I checked and indeed in all the successful boots so far there was RAM width 64 bits, on all the
failing boots 128. I do not know how to to proceed from here.

I have the most recent Arch kernel, 5.2.6-arch1-1-ARCH. I even tried building a kernel from
amd-staging-drm-next, but it changed nothing.

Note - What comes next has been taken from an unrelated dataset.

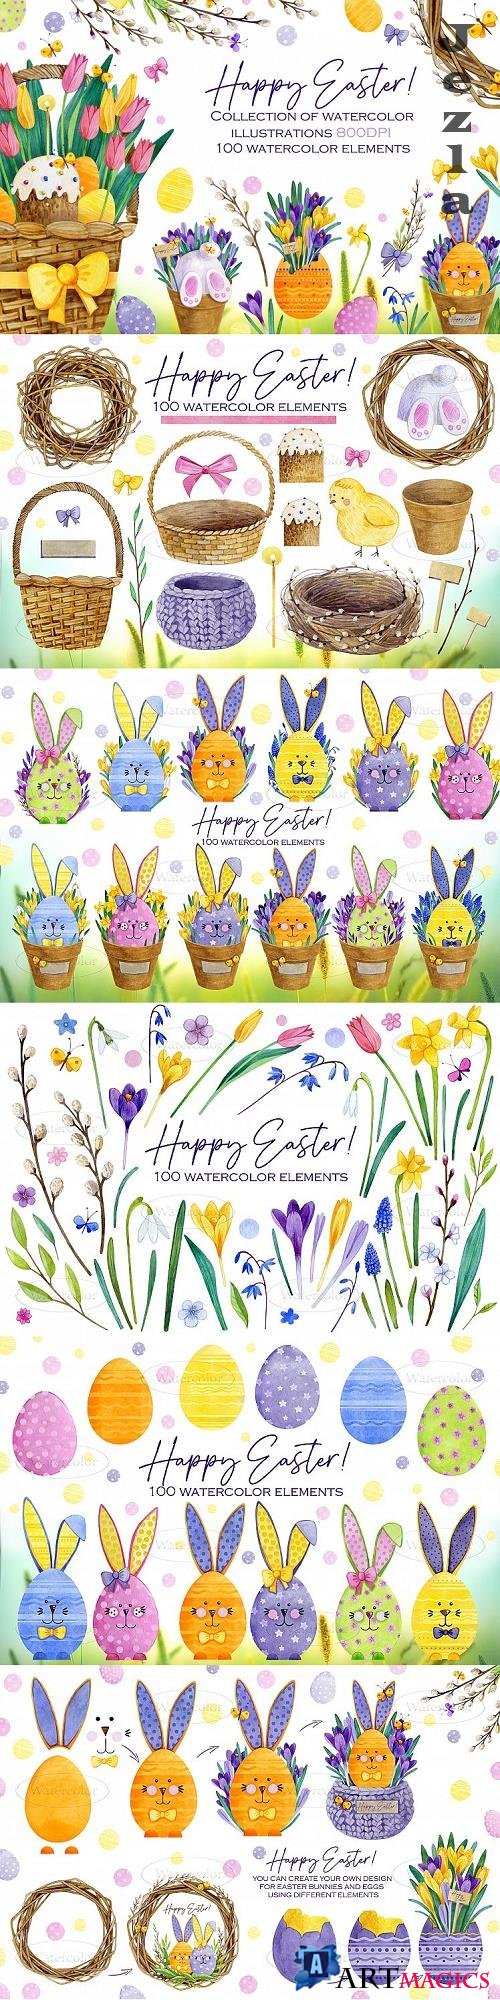 Watercolor Happy Easter Bunnies collection - 518999

Here is the graphics controller:

% sudo lspci -vv -xxx -nn -s 04:00.0
04:00.0 VGA compatible controller [0300]: Advanced Micro Devices, Inc. [AMD/ATI] Raven Ridge [Radeon Vega Series / Radeon Vega Mobile Series] [1002:15dd] (rev d0) (prog-if 00 [VGA controller])
	DeviceName: Onboard IGD
	Subsystem: Hewlett-Packard Company Raven Ridge [Radeon Vega Series / Radeon Vega Mobile Series] [103c:83d5]

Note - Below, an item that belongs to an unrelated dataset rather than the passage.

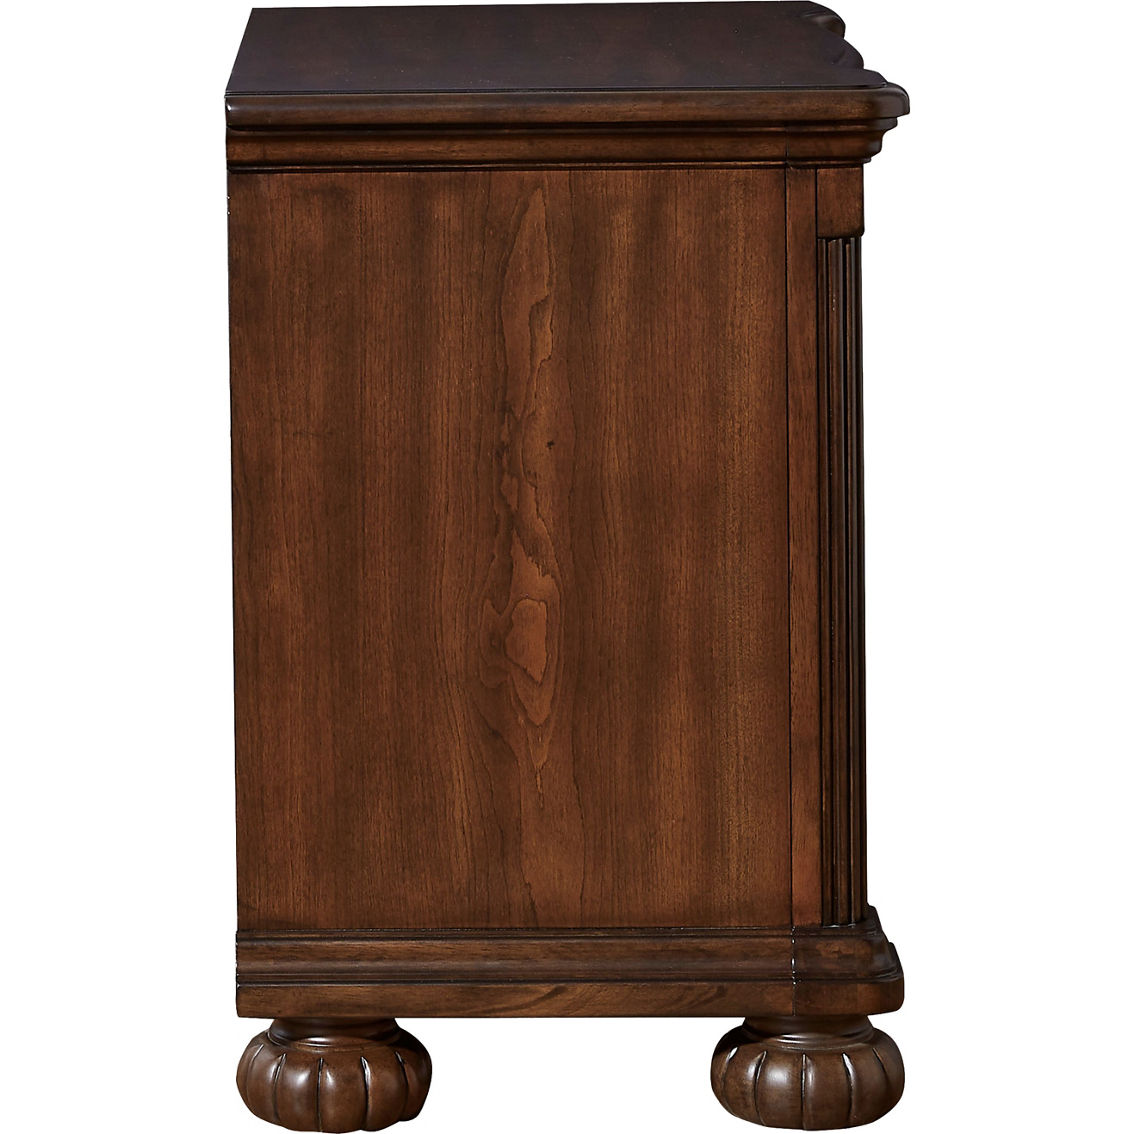 Signature Design by Ashley Lavinton Nightstand - Image 2 of 8

	Control: I/O+ Mem+ BusMaster+ SpecCycle- MemWINV- VGASnoop- ParErr- Stepping- SERR- FastB2B- DisINTx+
	Status: Cap+ 66MHz- UDF- FastB2B- ParErr- DEVSEL=fast >TAbort+ <TAbort- <MAbort- >SERR- <PERR- INTx-
	Latency: 0
	Interrupt: pin A routed to IRQ 77
	Region 0: Memory at d0000000 (64-bit, prefetchable) [size=256M]
	Region 2: Memory at e0000000 (64-bit, prefetchable) [size=2M]
	Region 4: I/O ports at 2000 [size=256]
	Region 5: Memory at e0700000 (32-bit, non-prefetchable) [size=512K]
	[virtual] Expansion ROM at 000c0000 [disabled] [size=128K]
	Capabilities: [48] Vendor Specific Information: Len=08 <?>
	Capabilities: [50] Power Management version 3
		Flags: PMEClk- DSI- D1- D2- AuxCurrent=0mA PME(D0-,D1+,D2+,D3hot+,D3cold+)
		Status: D0 NoSoftRst- PME-Enable- DSel=0 DScale=0 PME-
	Capabilities: [64] Express (v2) Legacy Endpoint, MSI 00
		DevCap:	MaxPayload 256 bytes, PhantFunc 0, Latency L0s <4us, L1 unlimited
			ExtTag+ AttnBtn- AttnInd- PwrInd- RBE+ FLReset+
		DevCtl:	CorrErr- NonFatalErr- FatalErr- UnsupReq-
			RlxdOrd+ ExtTag+ PhantFunc- AuxPwr- NoSnoop+ FLReset-
			MaxPayload 128 bytes, MaxReadReq 512 bytes
		DevSta:	CorrErr- NonFatalErr- FatalErr- UnsupReq- AuxPwr- TransPend-
		LnkCap:	Port #0, Speed 8GT/s, Width x16, ASPM L0s L1, Exit Latency L0s <64ns, L1 <1us
			ClockPM- Surprise- LLActRep- BwNot- ASPMOptComp+
		LnkCtl:	ASPM Disabled; RCB 64 bytes Disabled- CommClk+
			ExtSynch- ClockPM- AutWidDis- BWInt- AutBWInt-
		LnkSta:	Speed 8GT/s (ok), Width x16 (ok)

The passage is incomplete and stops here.